Thursday, April 9, 2009

1307 Obama - Gulliver

Rick Wagner Wednesday, April 08, 2009
Normally it would not seem the United States Constitution and Lemuel Gulliver would have much in common, but this fictional character and our bedrock document of government have received similar treatment.
Just as our traveler, Gulliver, was a giant in the land of Lilliputians, so our Constitution is in our Republic. And, as Gulliver was restrained as he slept by tiny men to bend him to their own purposes, such has been the recent treatment of our founding document.
Jonathan Swift’s character in Gulliver was written as political and social satire and, while the context of the era may have lapsed, the messages still ring true.
In the annals of history, the United States Constitution and its framers loom as giants. Many of their interpreters are diminutive in comparison, but they seem forever busy turning the Constitution from a great shield for the citizen to a sword for the activist.
Jurists seeking to insert substantive due process into the document and let judges discover rights not written, but divined by their interpretation, threw the first silken cords. A case in 1967 supplied a fragment of language that serves as the jumping off point for this misapplied reasoning, as the Supreme Court quite reasonably struck down a law from the Jim Crow era outlawing marriage between different races as being antithetical to the clause guaranteeing equal protection under the law. Toward the end of the decision, the court added language that marriage was a substantive right.
This implied that there were rights granted individuals beyond those named by the Constitution, which could be interpreted from a meaning given to the language of the document. This gave rise to future courts interpreting “shadow” rights that were often used as battering rams against social norms.

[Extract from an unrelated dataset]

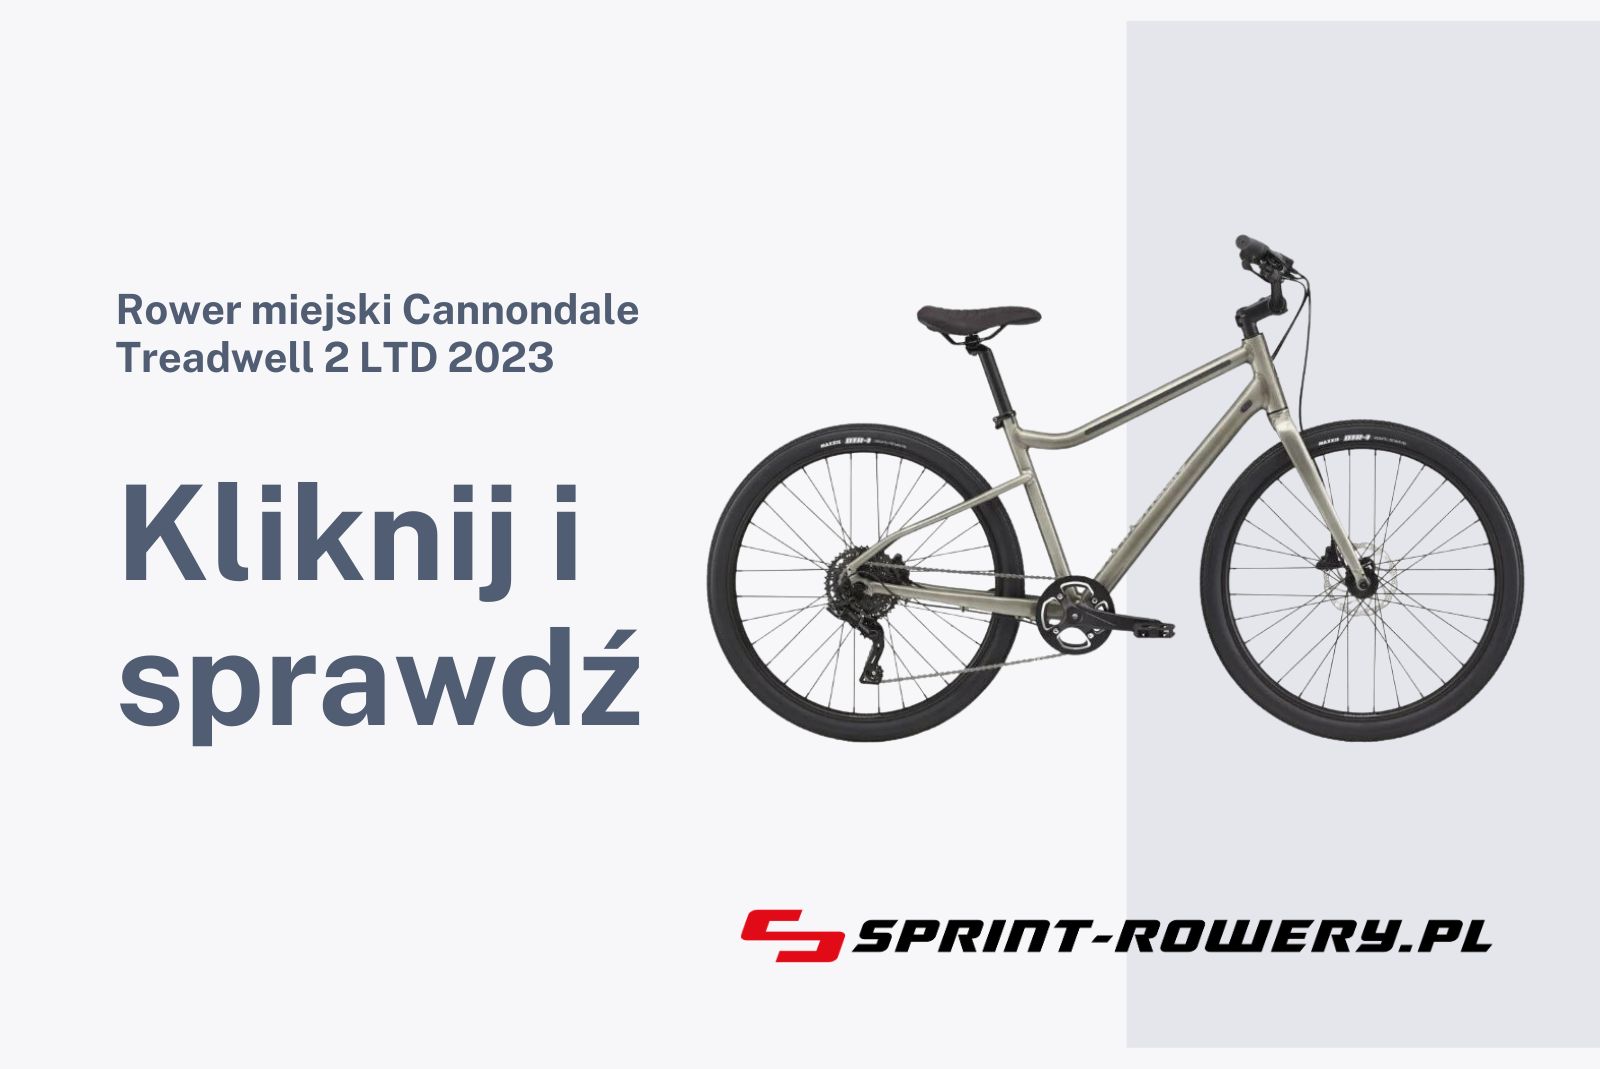 Rower miejski Cannondale Treadwell 2 LTD 2023

This interpretation of “shadow” rights most famously is found in the decision of Roe v. Wade, preventing the states from interposing legal barriers to abortion on the grounds that such action would violate the court’s discovery of a fundamental and substantive right to privacy in the Constitution.
This decision is often misunderstood to be about whether the Supreme Court views abortion as legal. The question actually is whether a right to privacy exists that can be interpreted to prevent the states from deciding if abortion should be legal or regulated within their individual boundaries.
Employing a visioning process that discovers intentions beyond the pen of the author, and elevates them to be substantive and fundamental, makes it nearly impossible for the states or the citizenry to affect their exercise.
This becomes important as we consider one of President Obama’s first judicial nominations.
David Hamilton presently is a trial court judge at the federal level whom the president wishes to elevate to the appellate court in Chicago. Judge Hamilton’s interpretation of the right to privacy and substantive due process has led to him to declare unconstitutional a law to require convicted sex offenders to allow authorities access to their personal computers.
The New York Times noted that the judge, in his decision, felt that the amendment cut into the heart of a person’s right to privacy in his home. He added, “The ability of the individual to retreat into his home and therefore to be free from unreasonable intrusion by the government stands at the very core” of constitutional protections against unreasonable searches.
This makes a jumble of whether a search is reasonable within the sanctity of one’s home, a possibility that clearly exists within the Constitution, by placing it in an almost subservient role to a right to privacy, which has only been interpreted to exist in the Constitution.
Such a view is troubling to those who believe the framers knew what they meant and were capable of deciding if a right to privacy was important enough to be written into the Constitution and placed upon the same level as the Bill of Rights’ prohibition against unreasonable search and seizure.
I hope that those who treasure the genius of our Constitution do not sleep like Gulliver.